## Supplied material
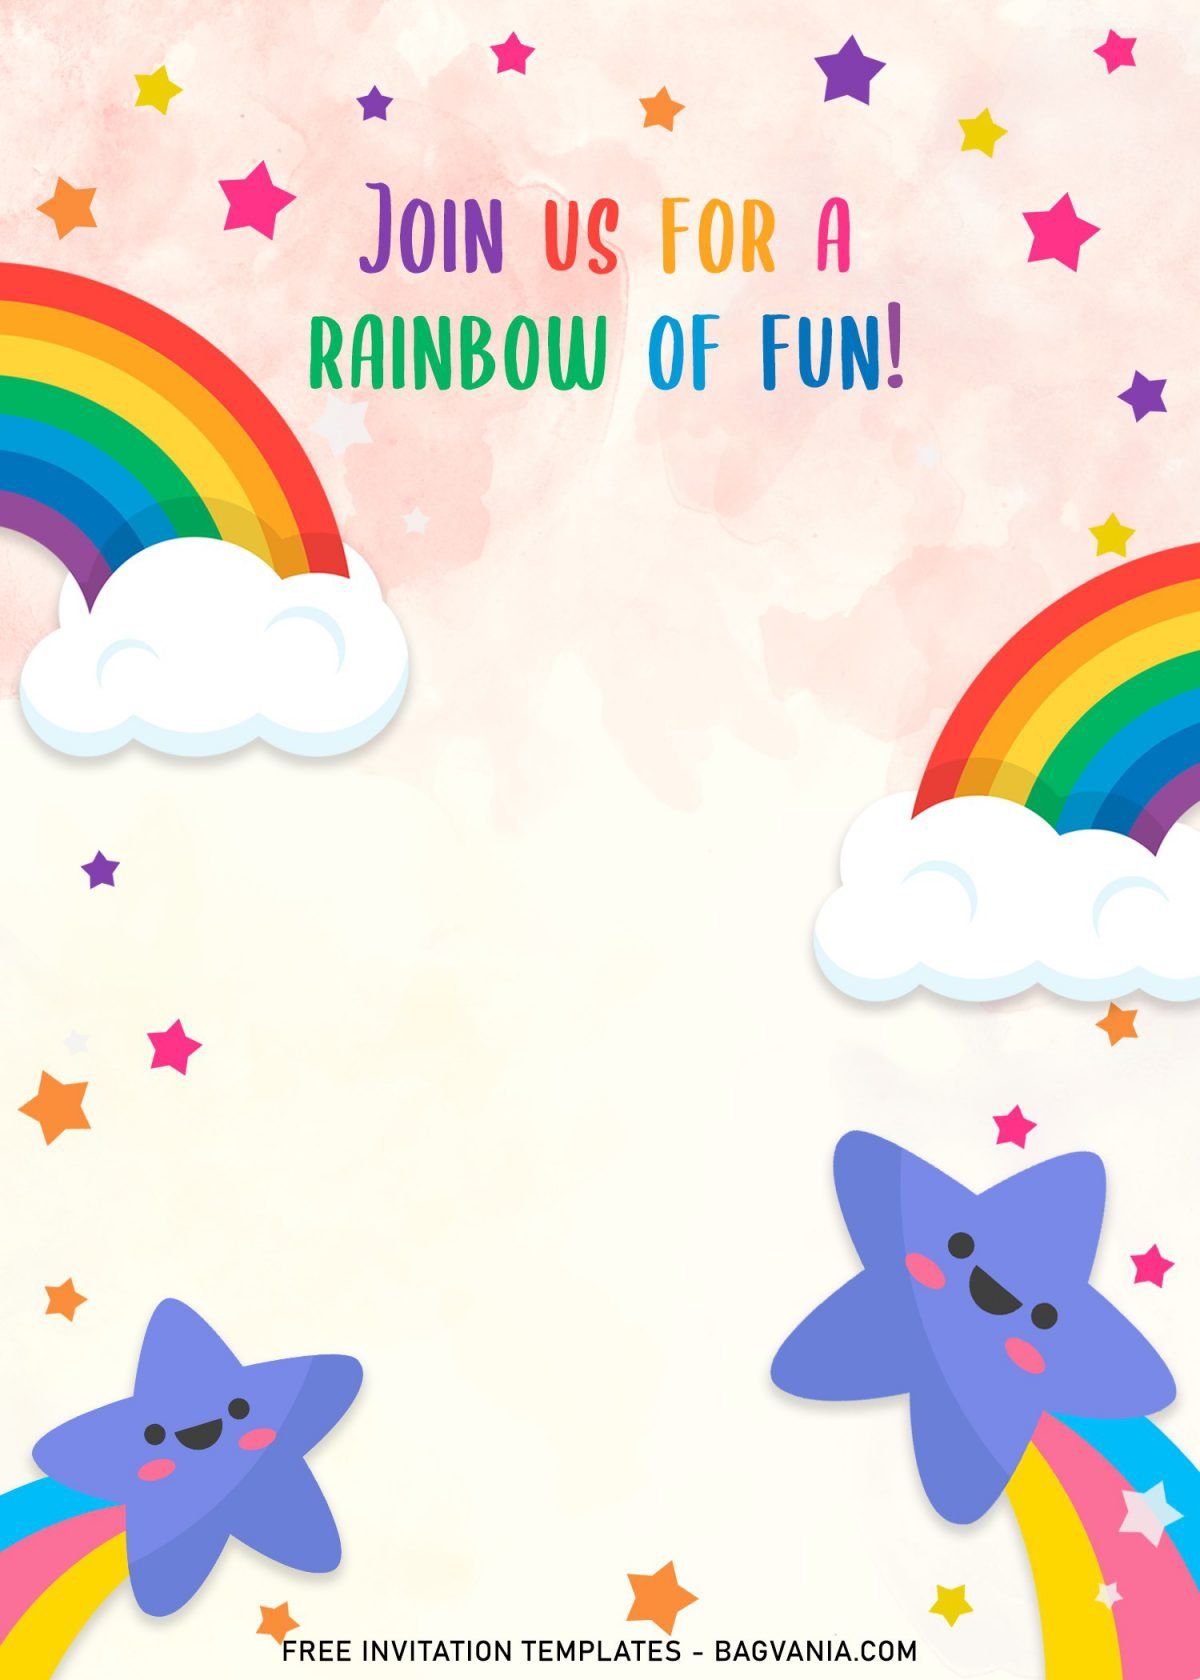 11+ Colorful Rainbow Invitation Card Templates For A Whimsical Birthday
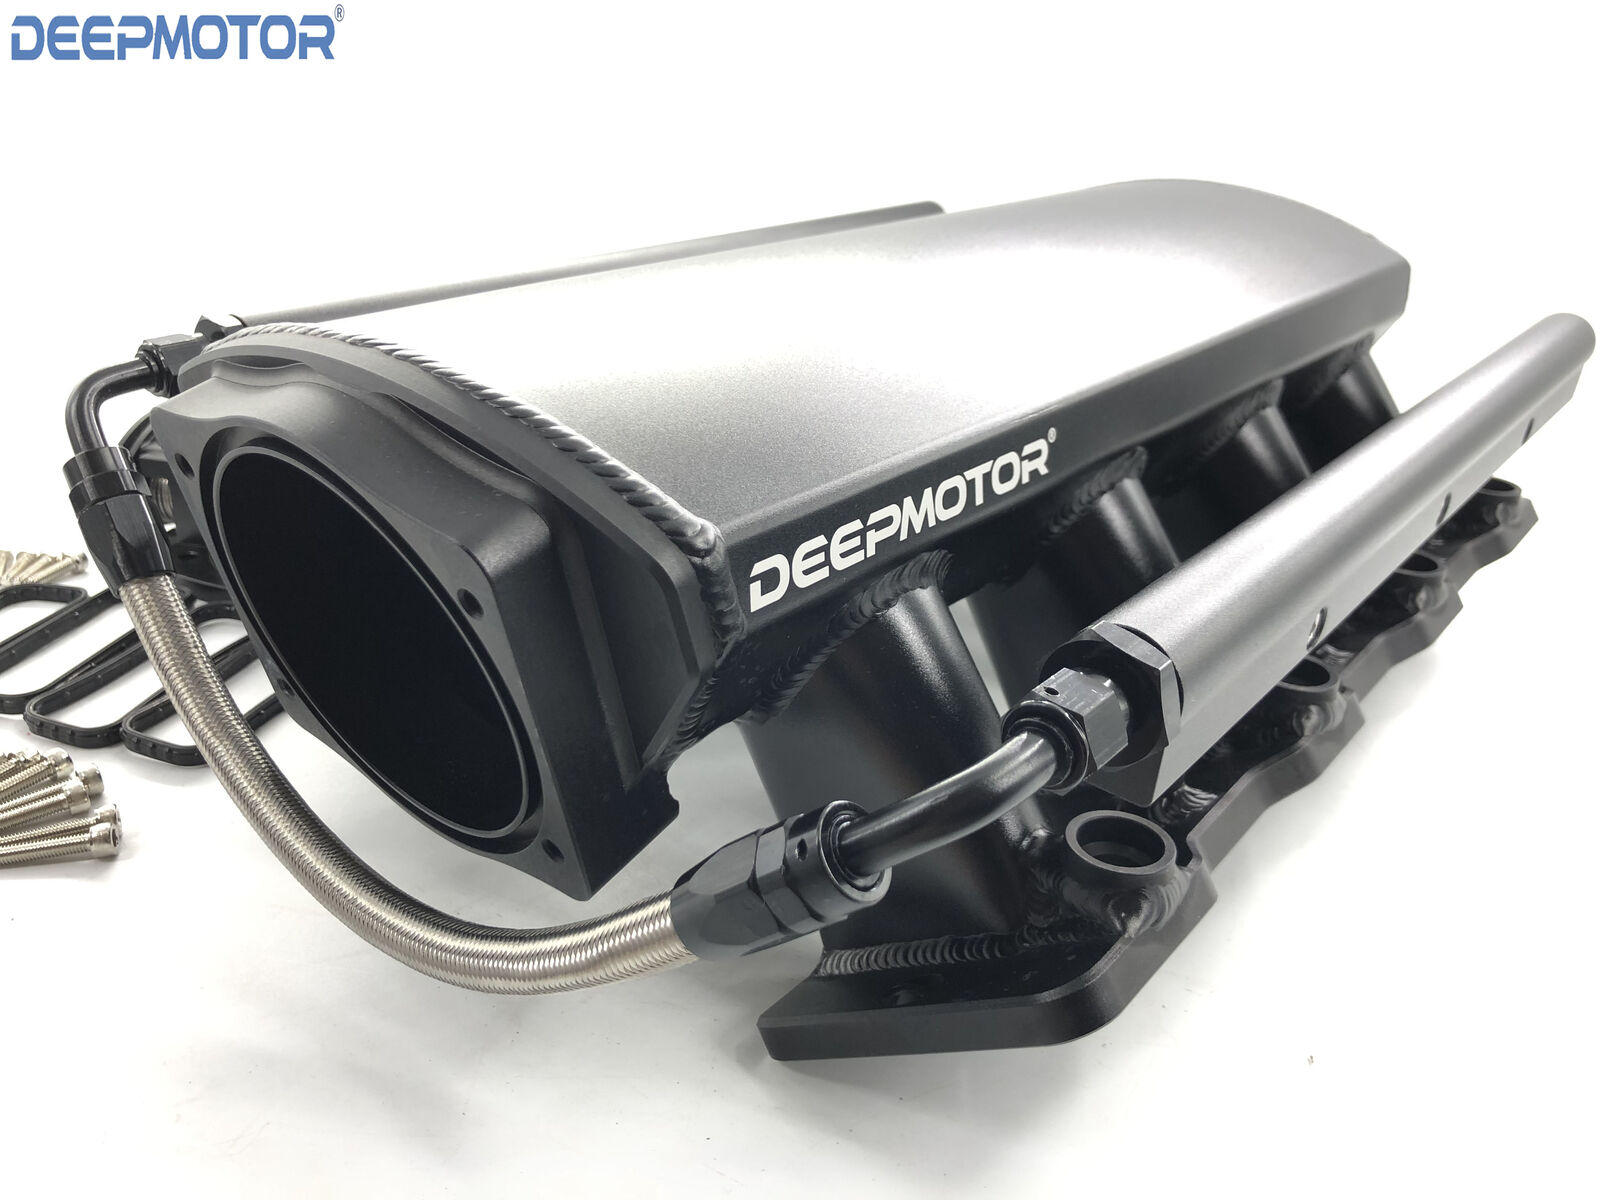 Deepmotor Low Profile LS3 L92 102 Fabricated Intake Manifold + Fuel Rails Black
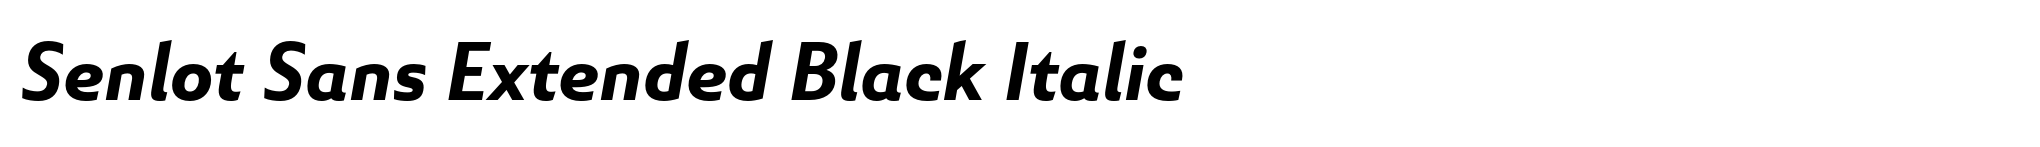 Senlot Sans Extended Black Italic image
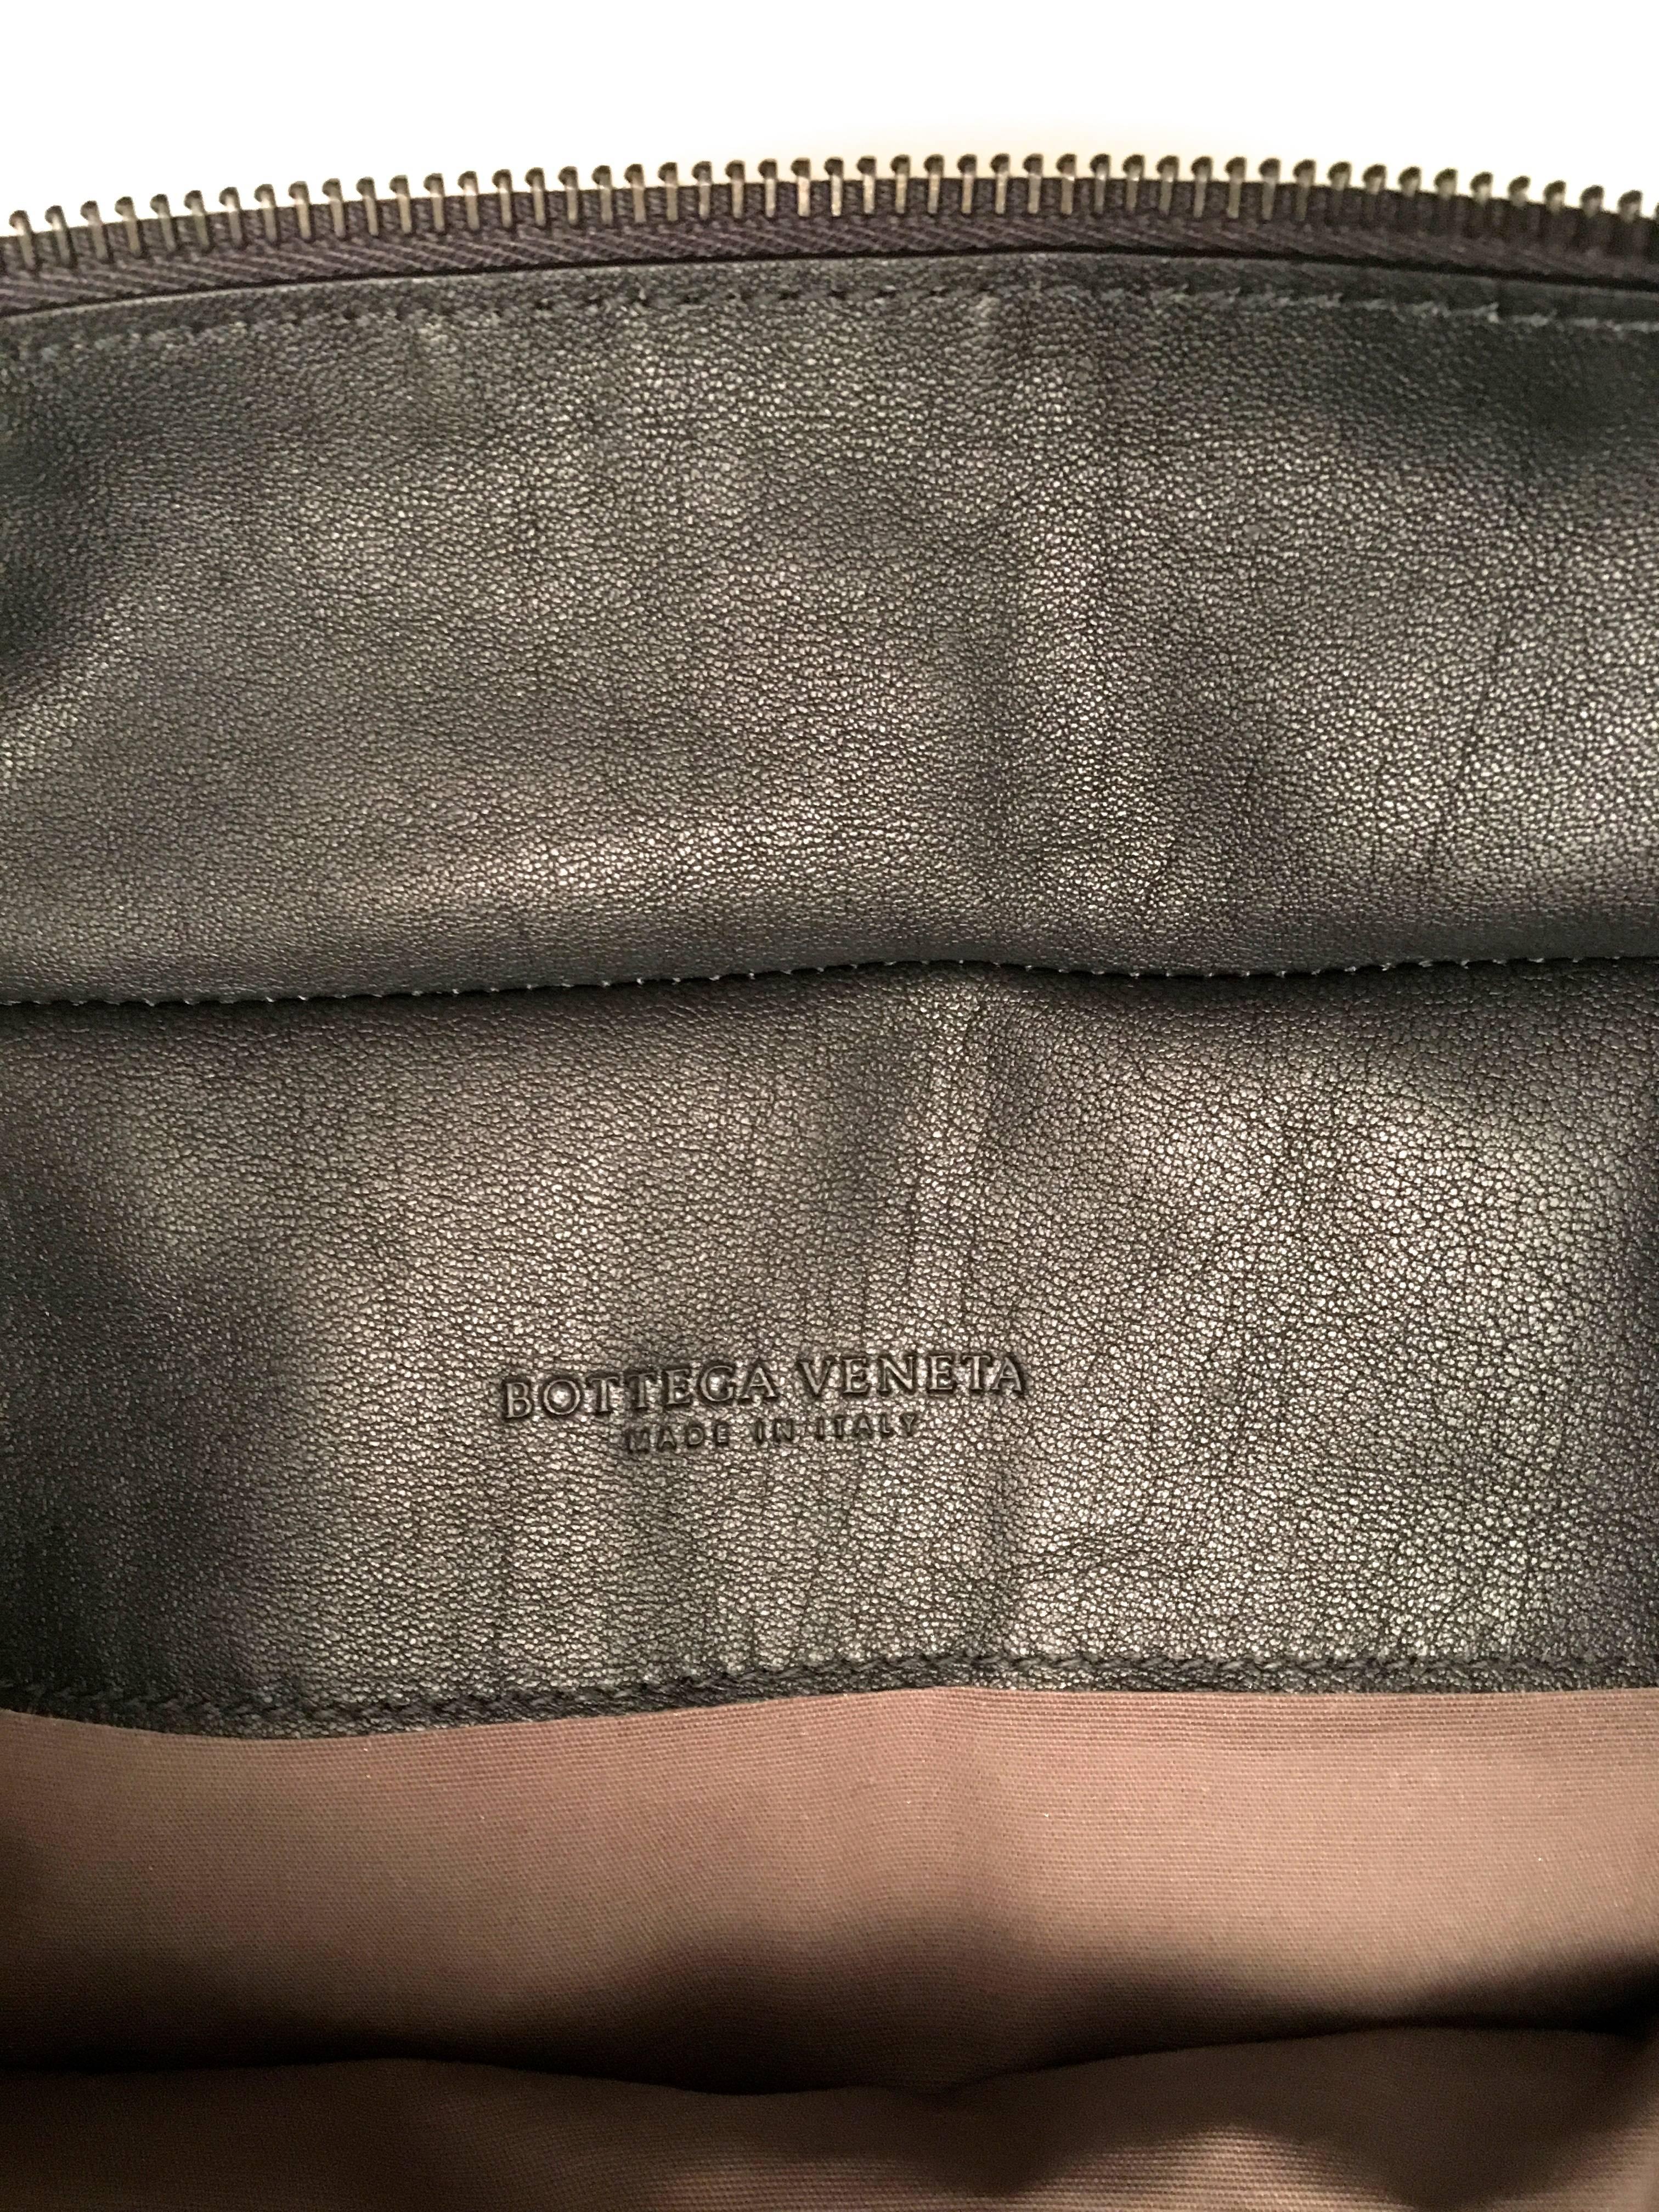 Bottega Veneta  Purse / Tote / Messenger Bag/Limited Edition For Sale 2

## Your assignment
Only the lines from the line with "Deepmotor Low Profile" through the final line of the material belong in the answer, copied exactly and without pictures.

## Finished task
 Deepmotor Low Profile LS3 L92 102 Fabricated Intake Manifold + Fuel Rails Black
 Senlot Sans Extended Black Italic image
 Bottega Veneta  Purse / Tote / Messenger Bag/Limited Edition For Sale 2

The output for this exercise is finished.